■ **What you are asked to do**
All of the data is to be written out again exactly, without the pictures.

Segment Start: Source material

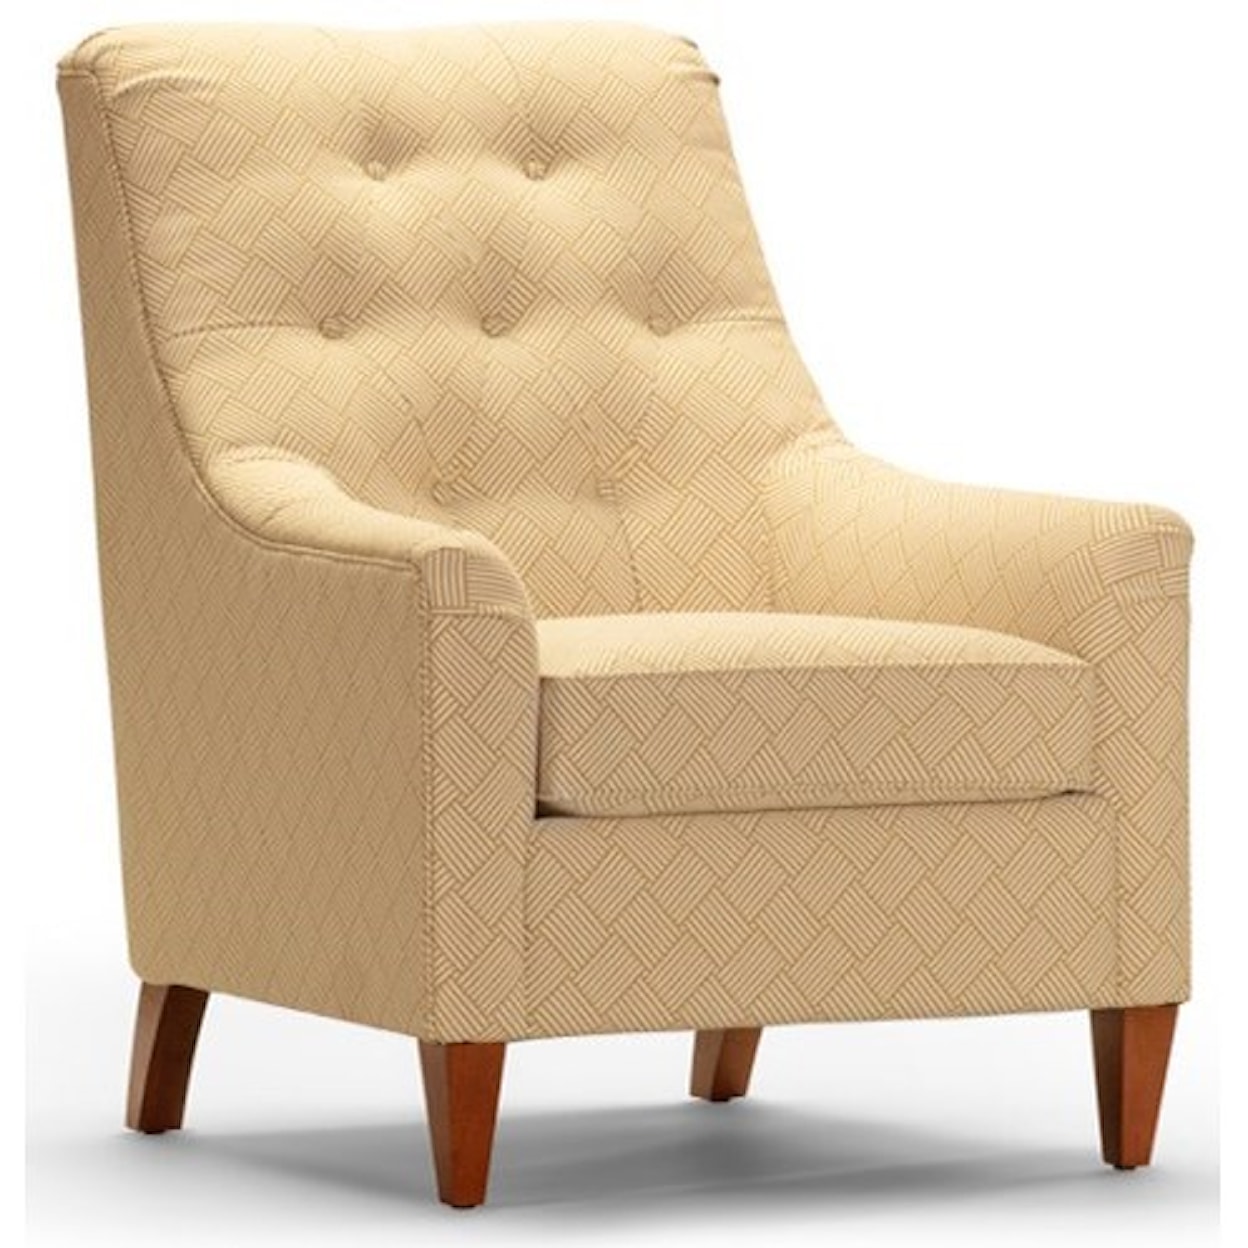 La-Z-Boy Chairs Upholstered Chair
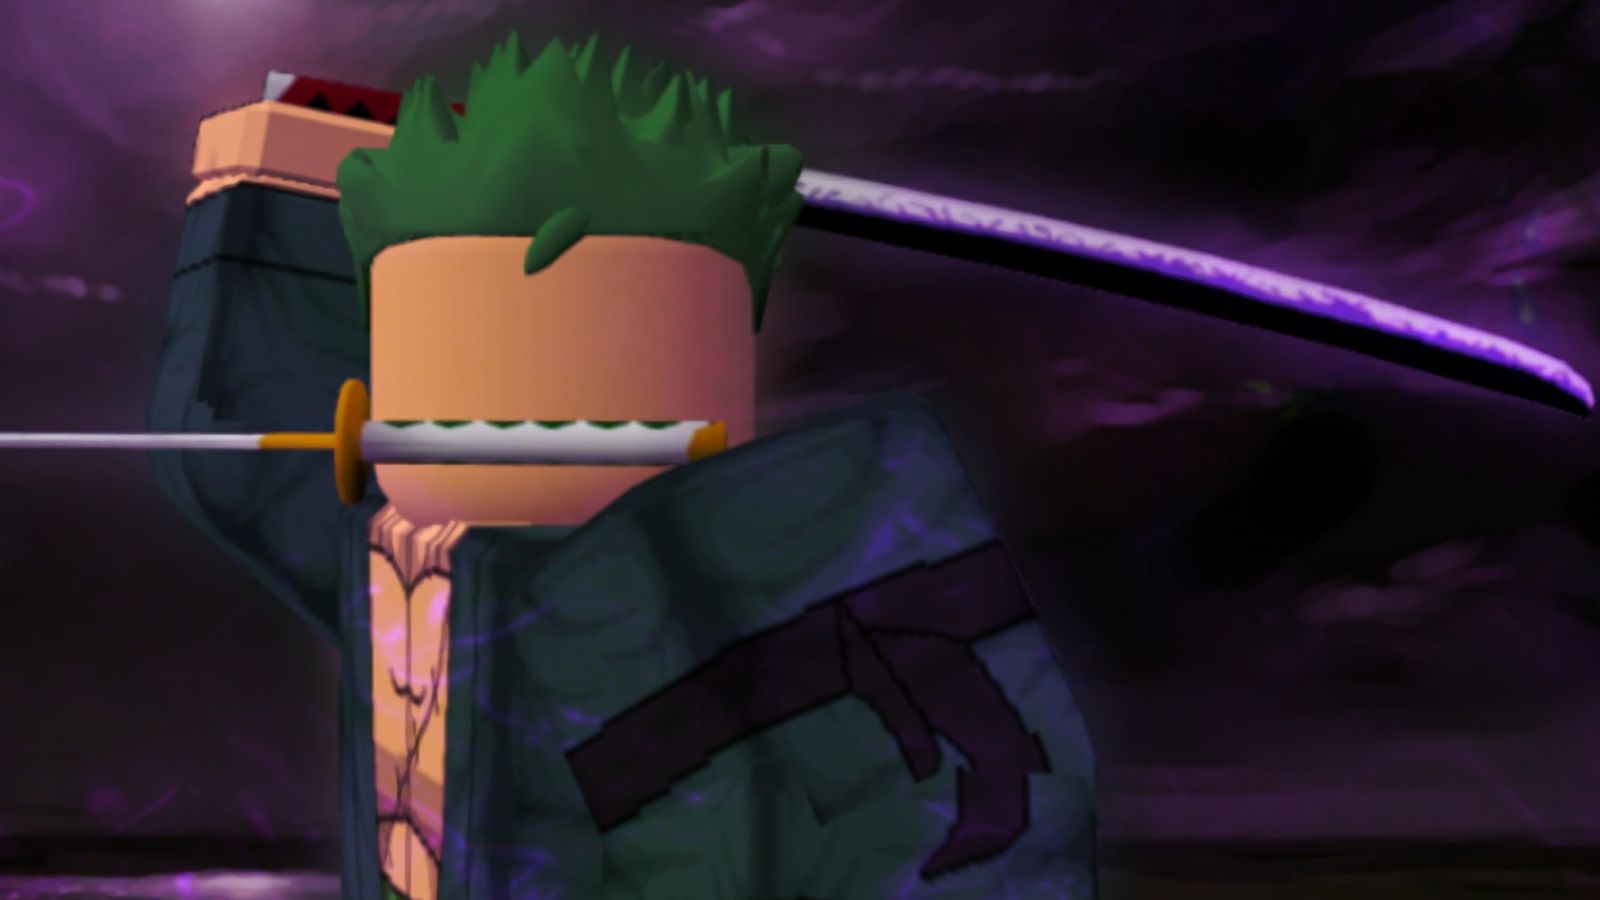 Image of a sword-wielding Roblox character in Cursed Seas.
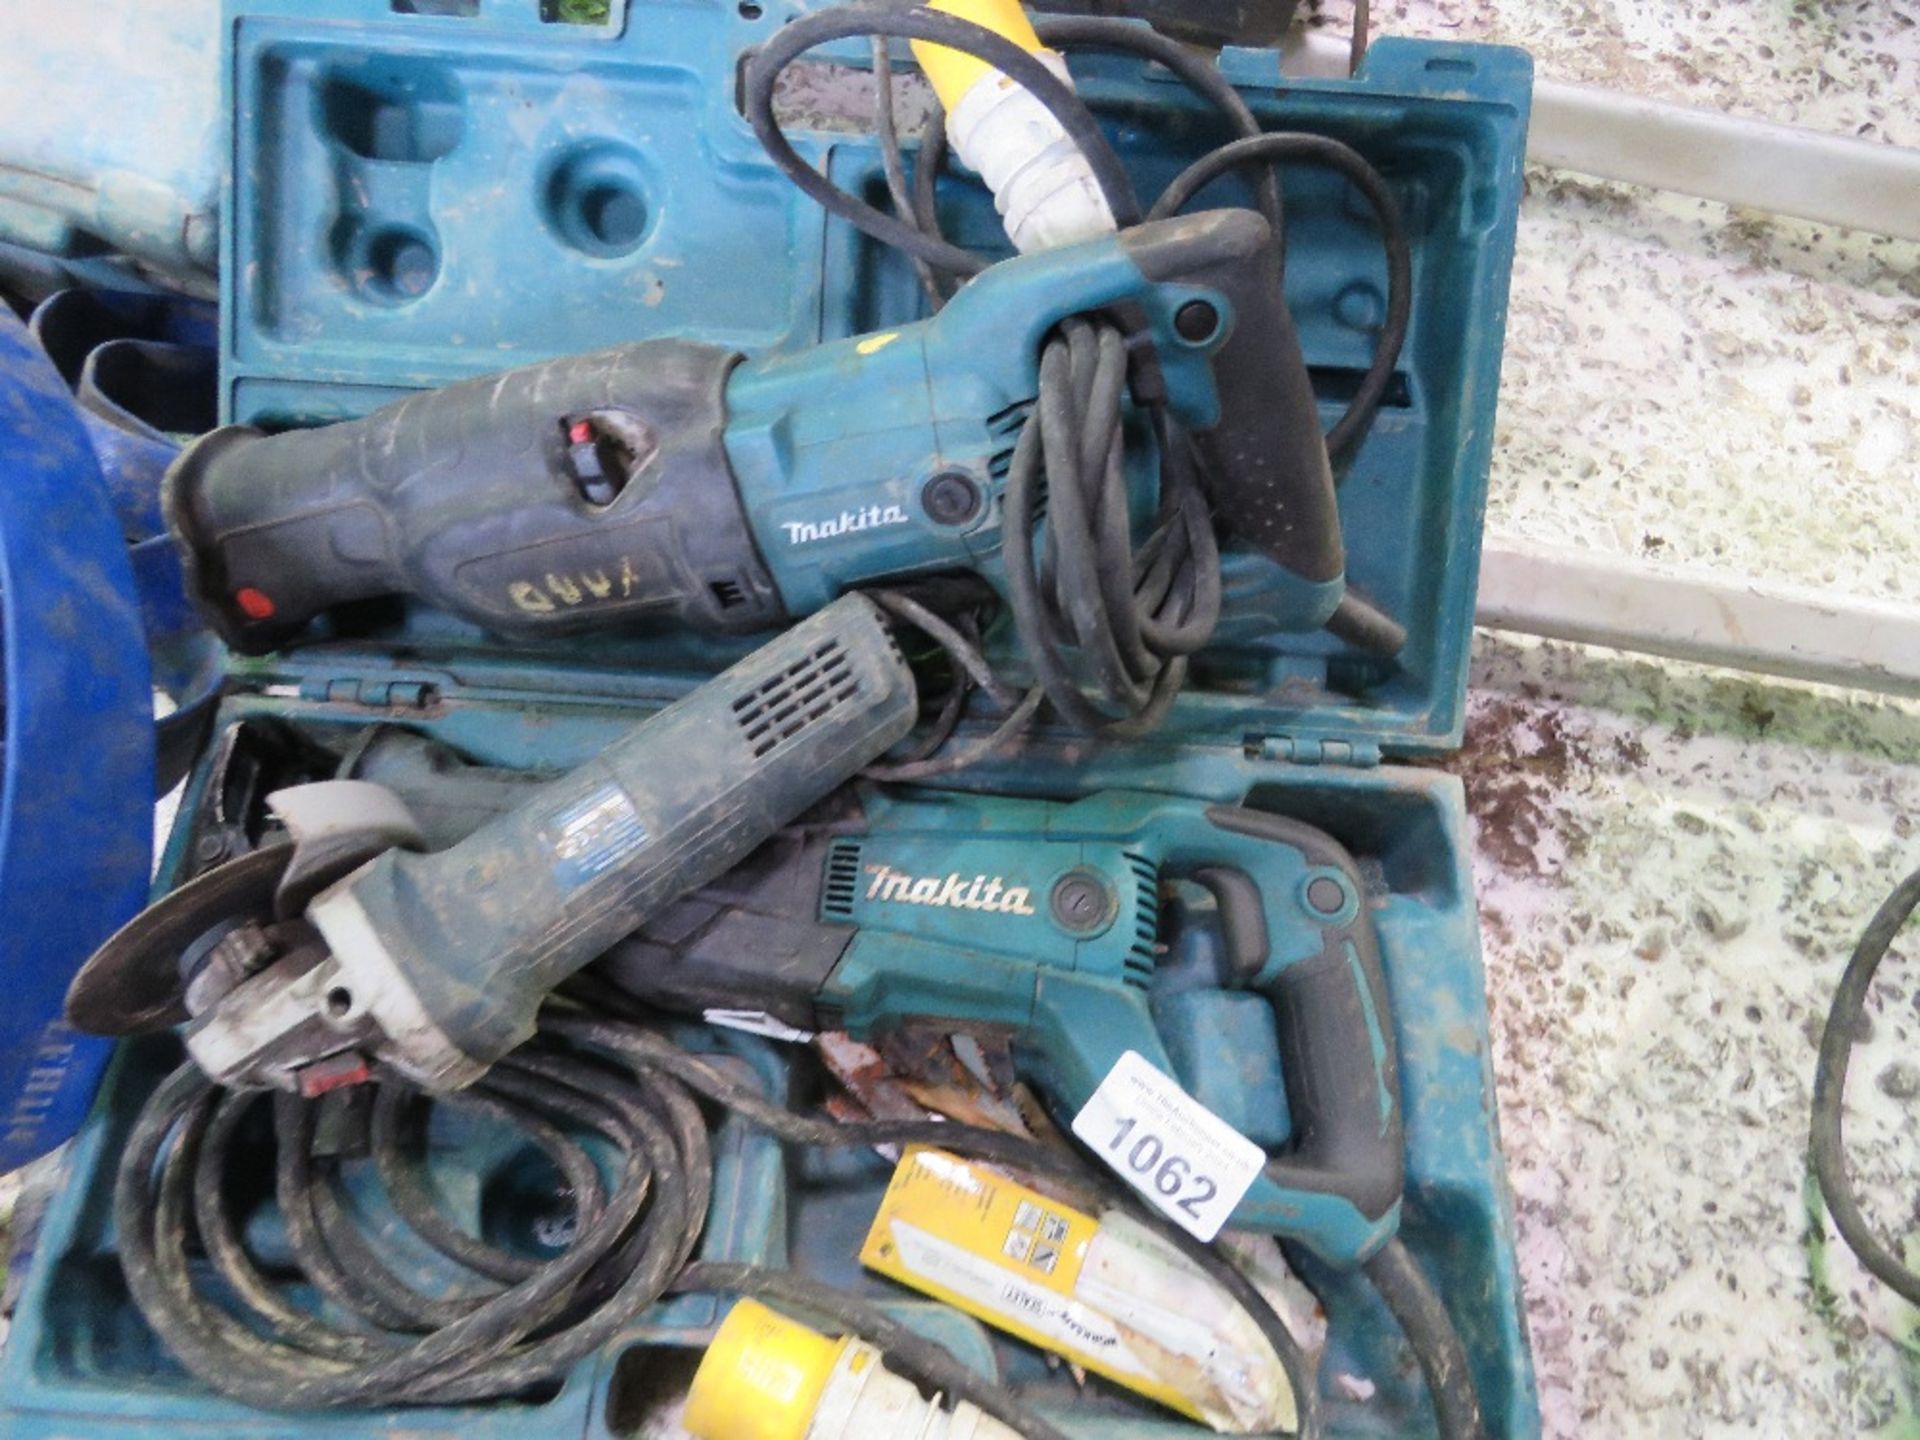 2 X MAKITA 110VOLT RECIPROCATING SAWS PLUS A GRINDER. SOURCED FROM COMPANY LIQUIDATION.

Segment End: Source material

■ **Answer below**
 La-Z-Boy Chairs Upholstered Chair
 Image of a sword-wielding Roblox character in Cursed Seas.
 2 X MAKITA 110VOLT RECIPROCATING SAWS PLUS A GRINDER. SOURCED FROM COMPANY LIQUIDATION.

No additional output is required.